Work task: Retype the data exactly, skipping any picture in it.

Raw data:
::::
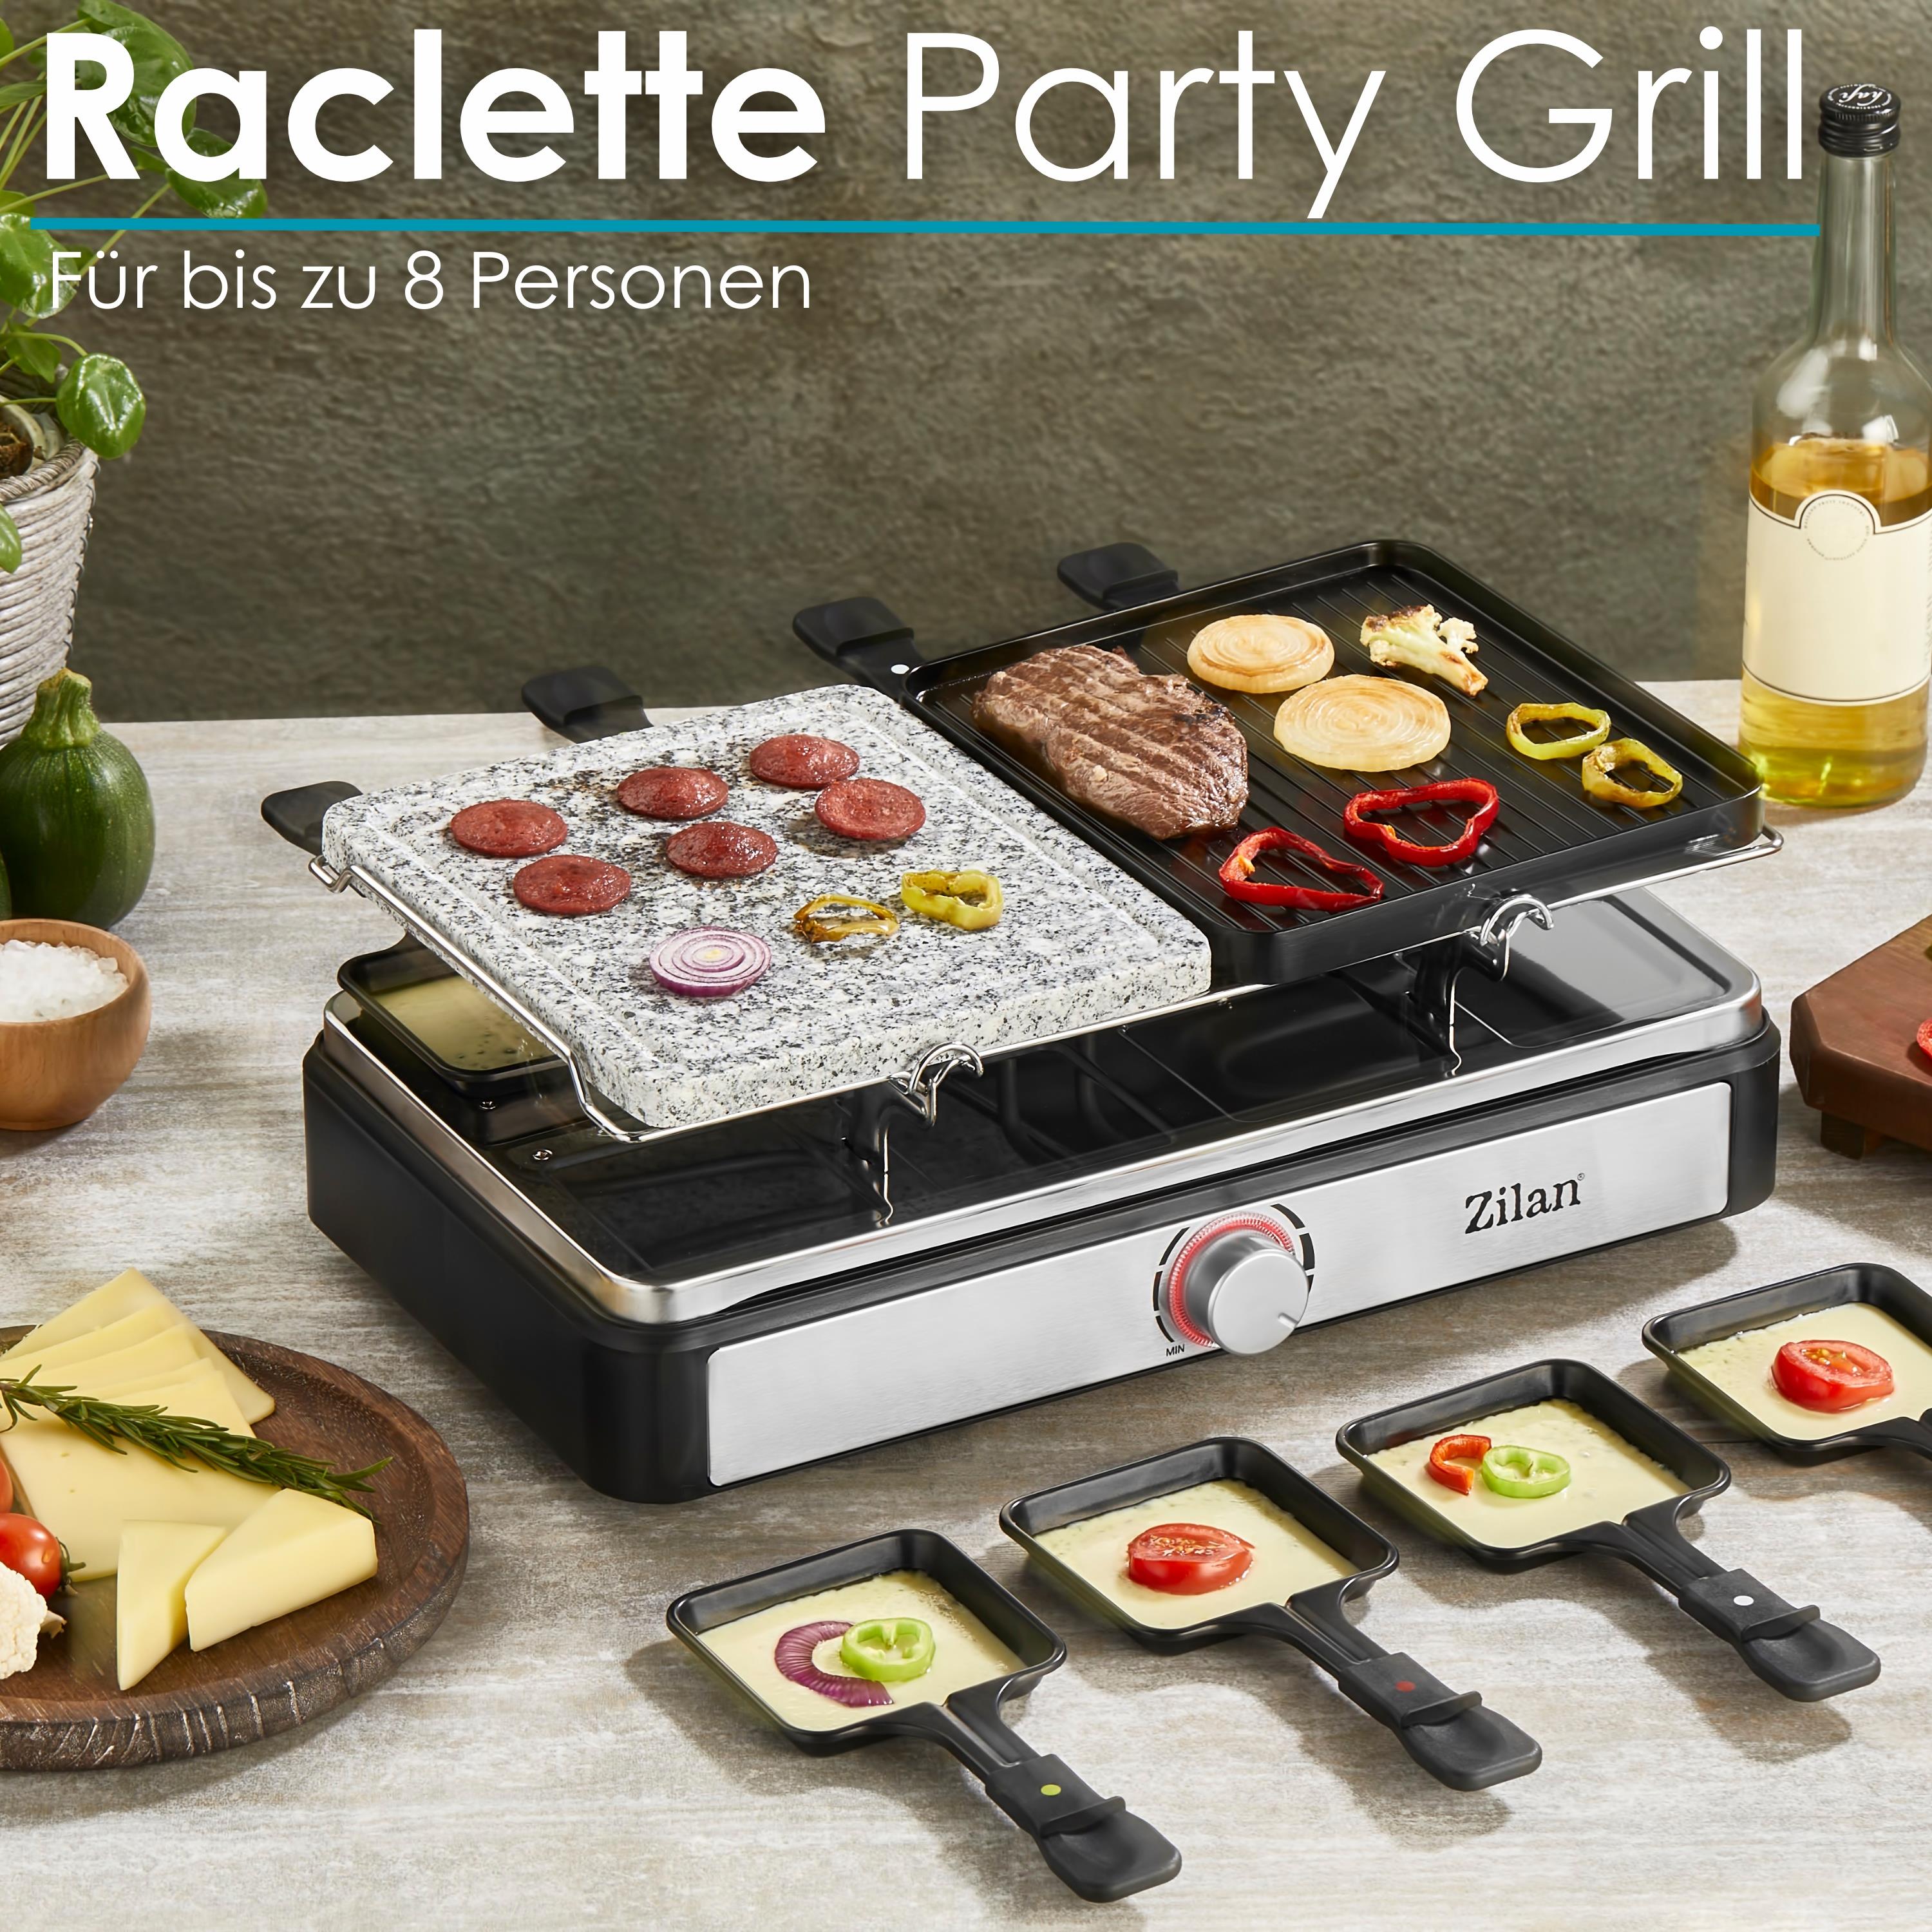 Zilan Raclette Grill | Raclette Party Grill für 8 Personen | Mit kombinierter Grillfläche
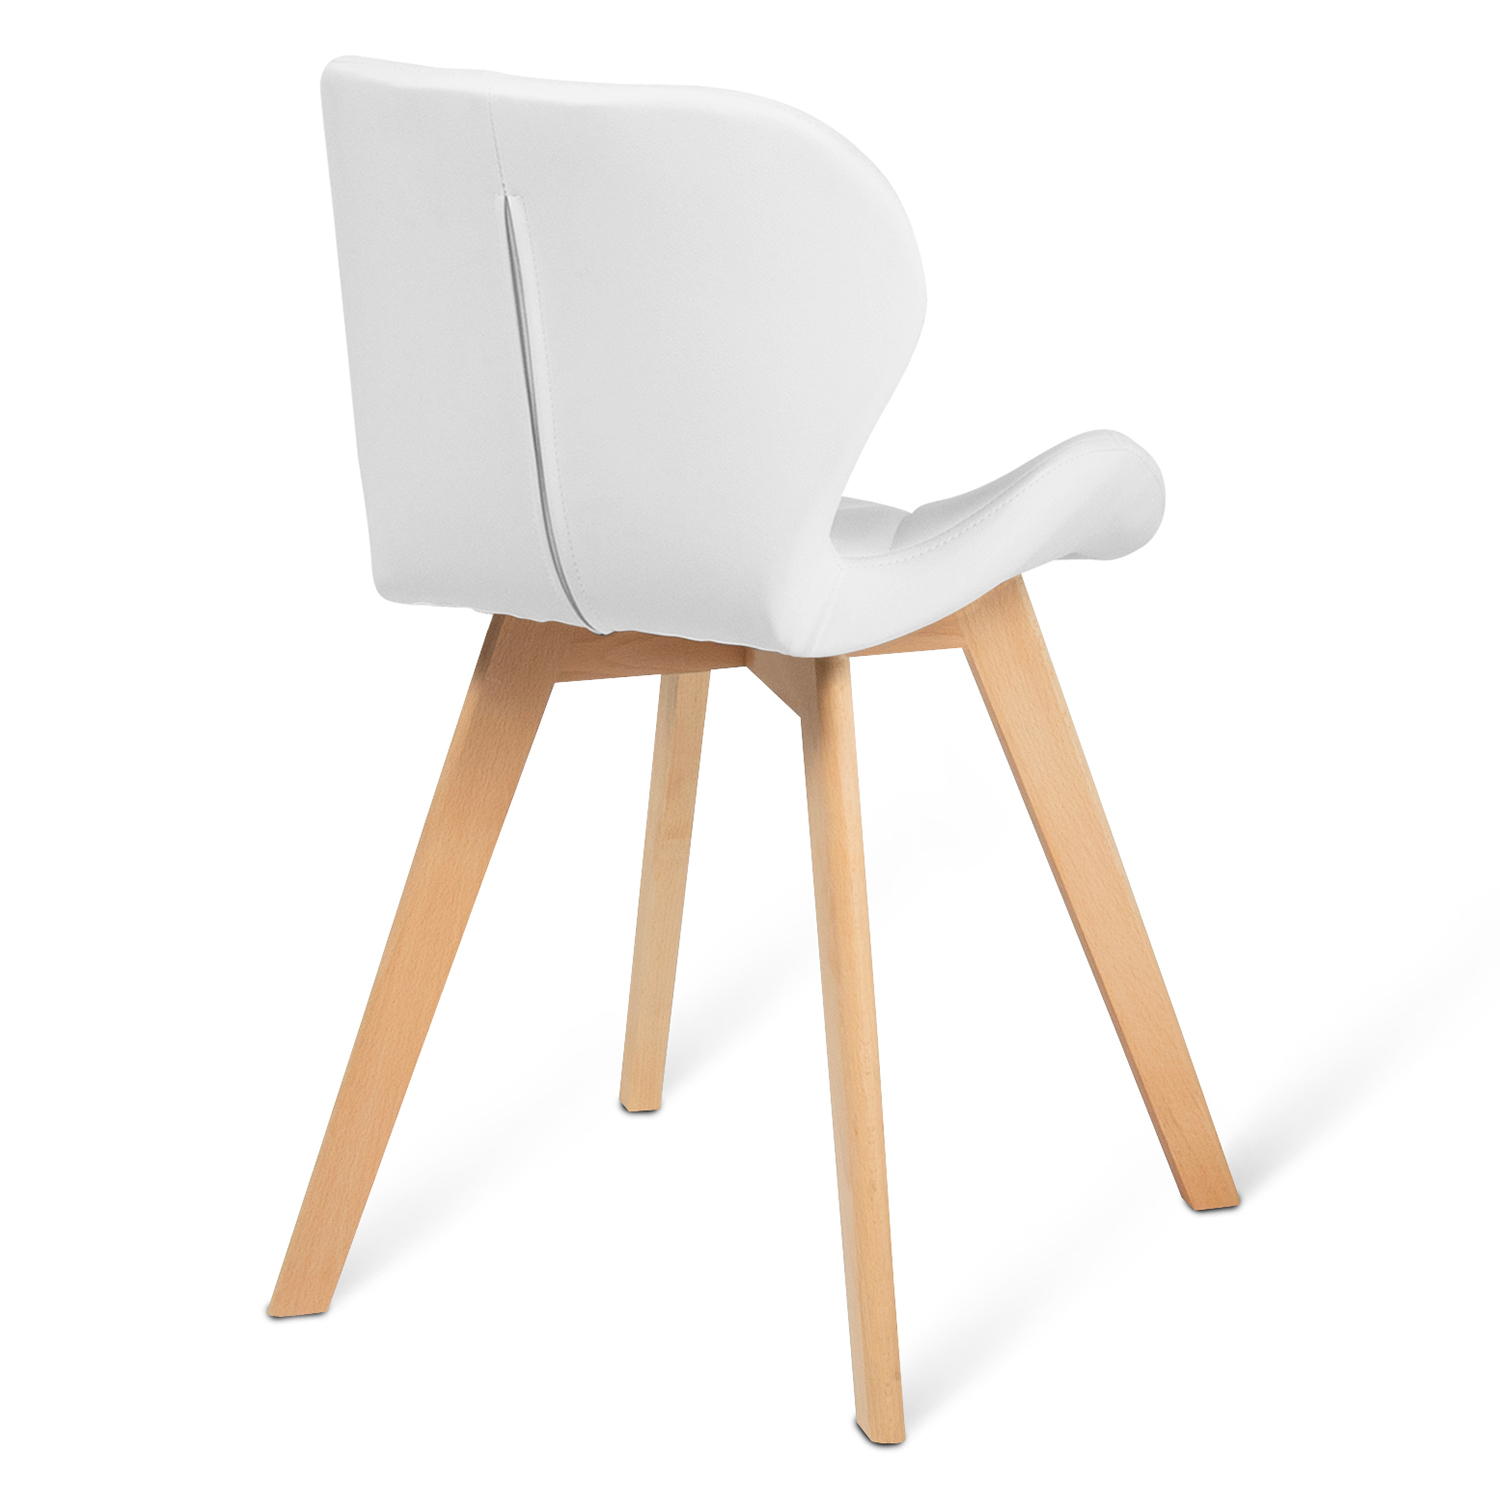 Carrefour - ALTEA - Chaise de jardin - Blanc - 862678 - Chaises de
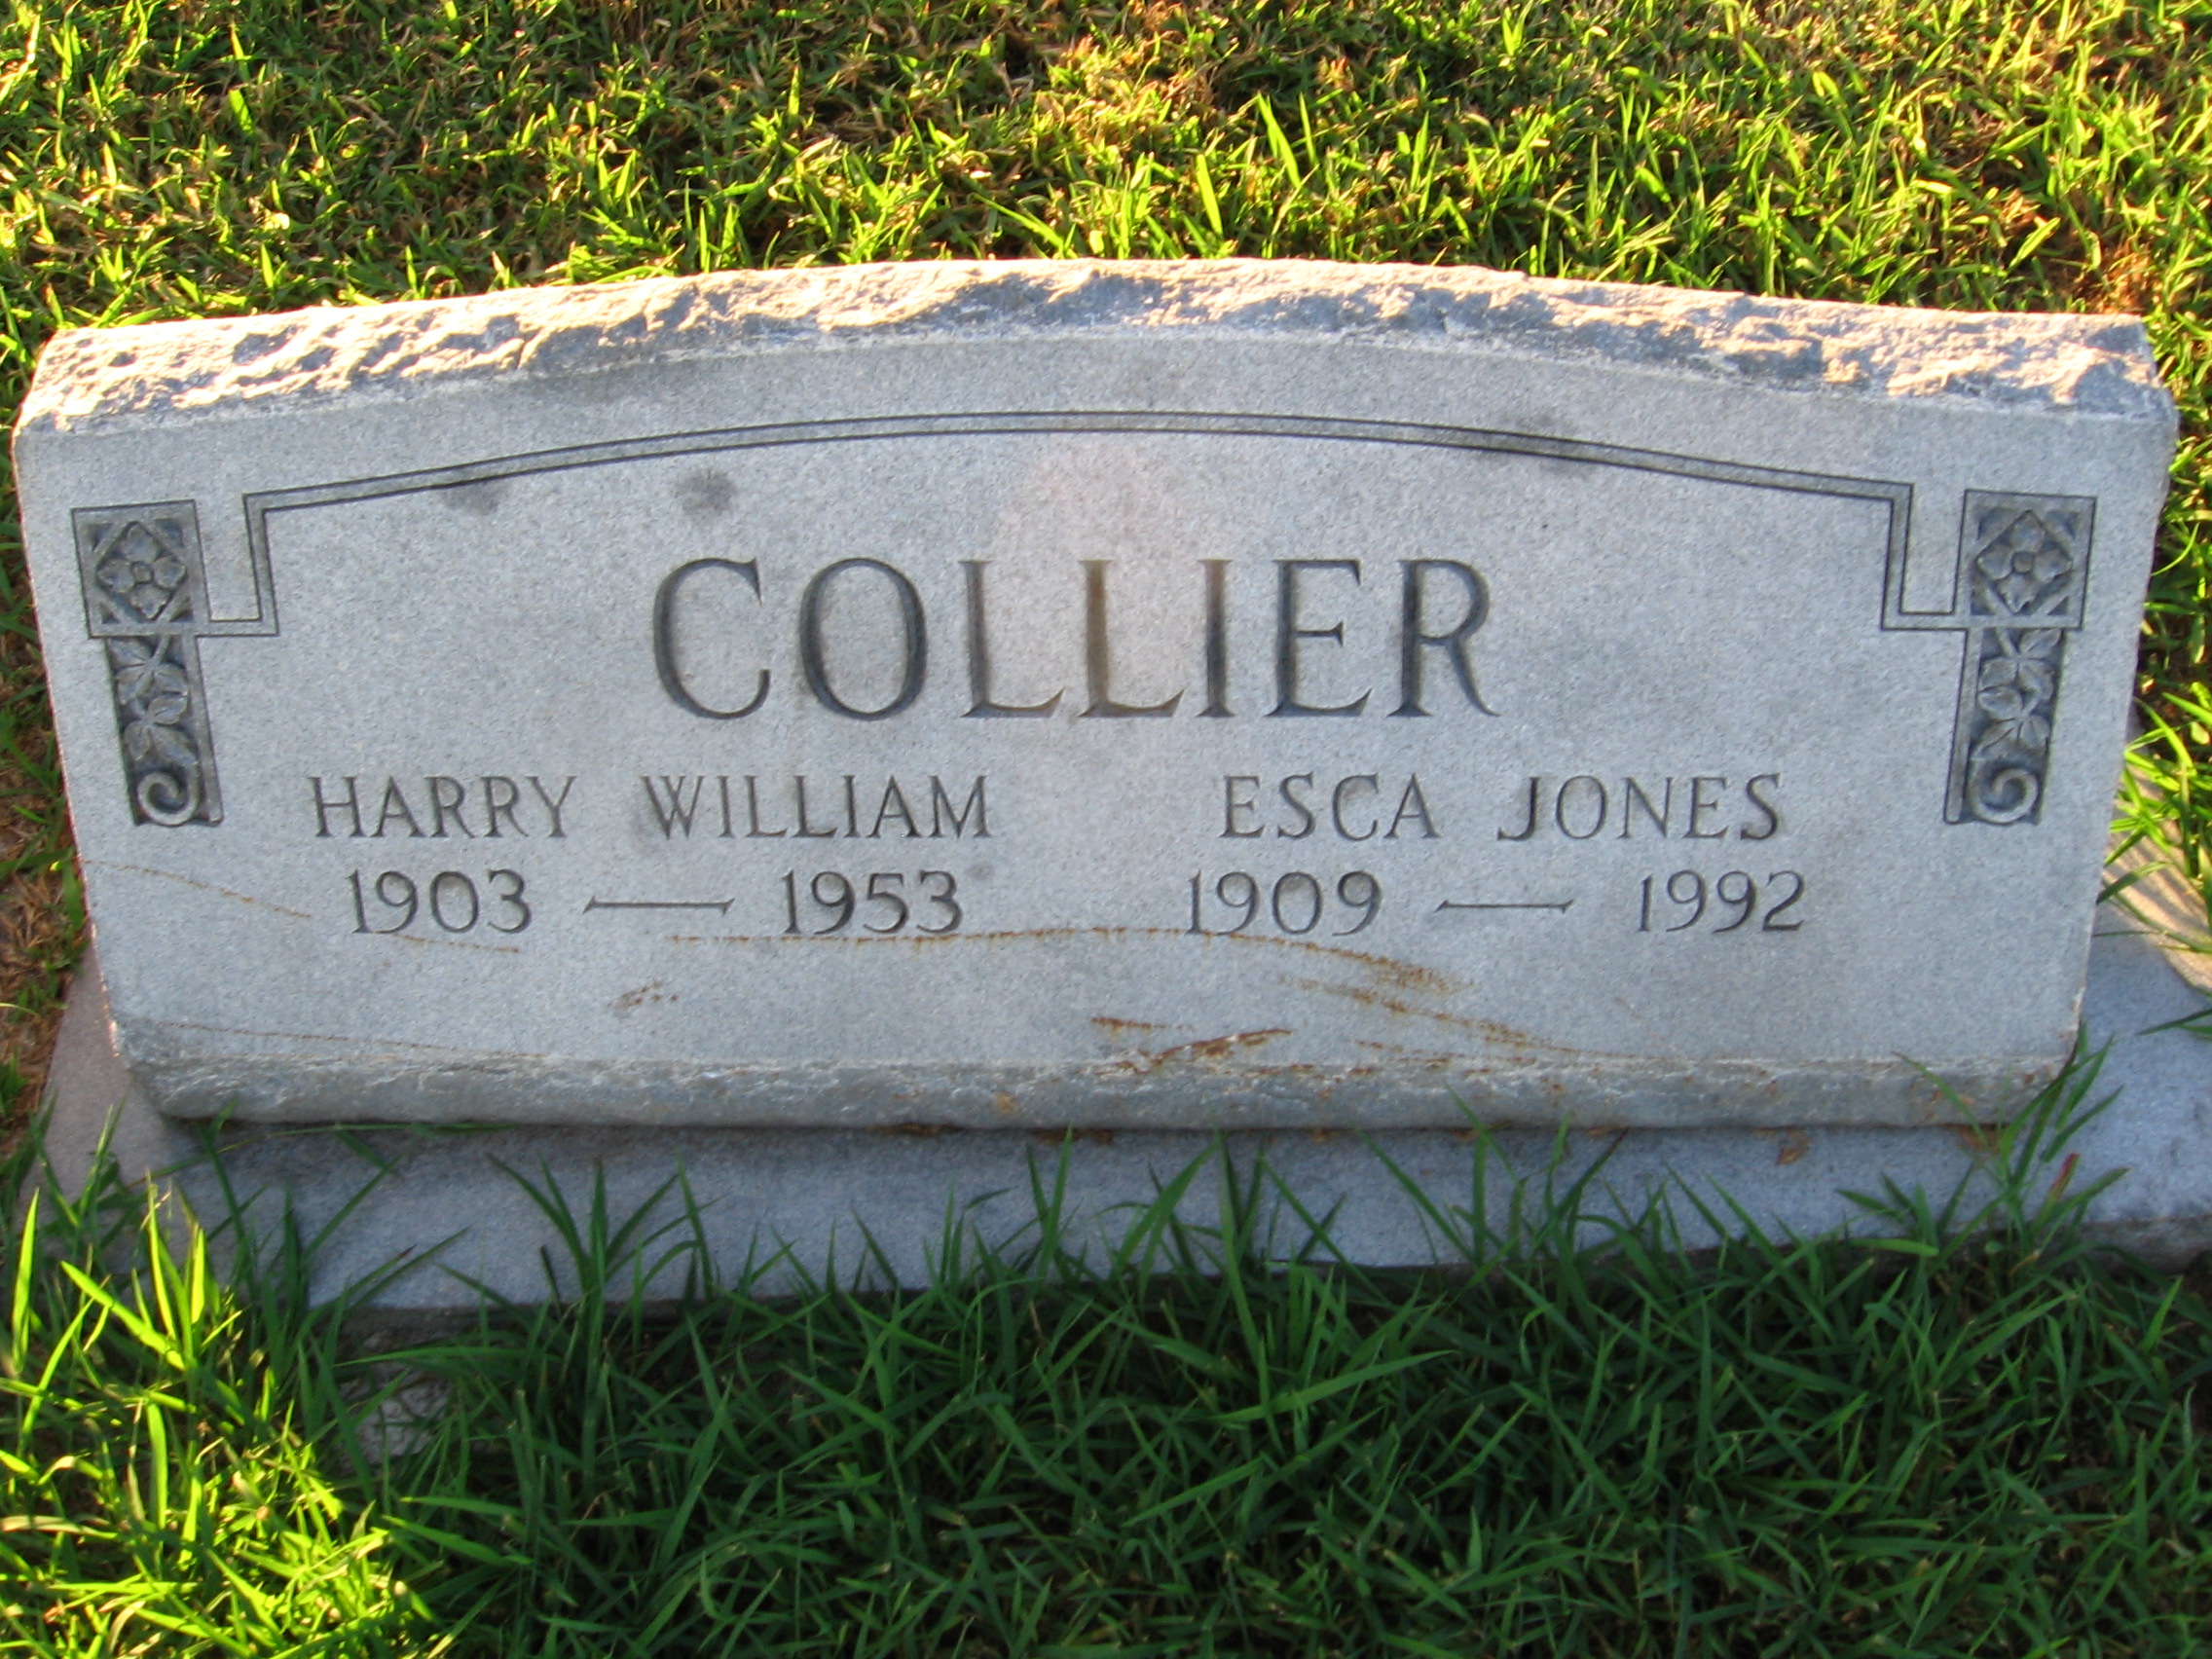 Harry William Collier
::::
Solution for this task:
 Zilan Raclette Grill | Raclette Party Grill für 8 Personen | Mit kombinierter Grillfläche
 Carrefour - ALTEA - Chaise de jardin - Blanc - 862678 - Chaises de
 Harry William Collier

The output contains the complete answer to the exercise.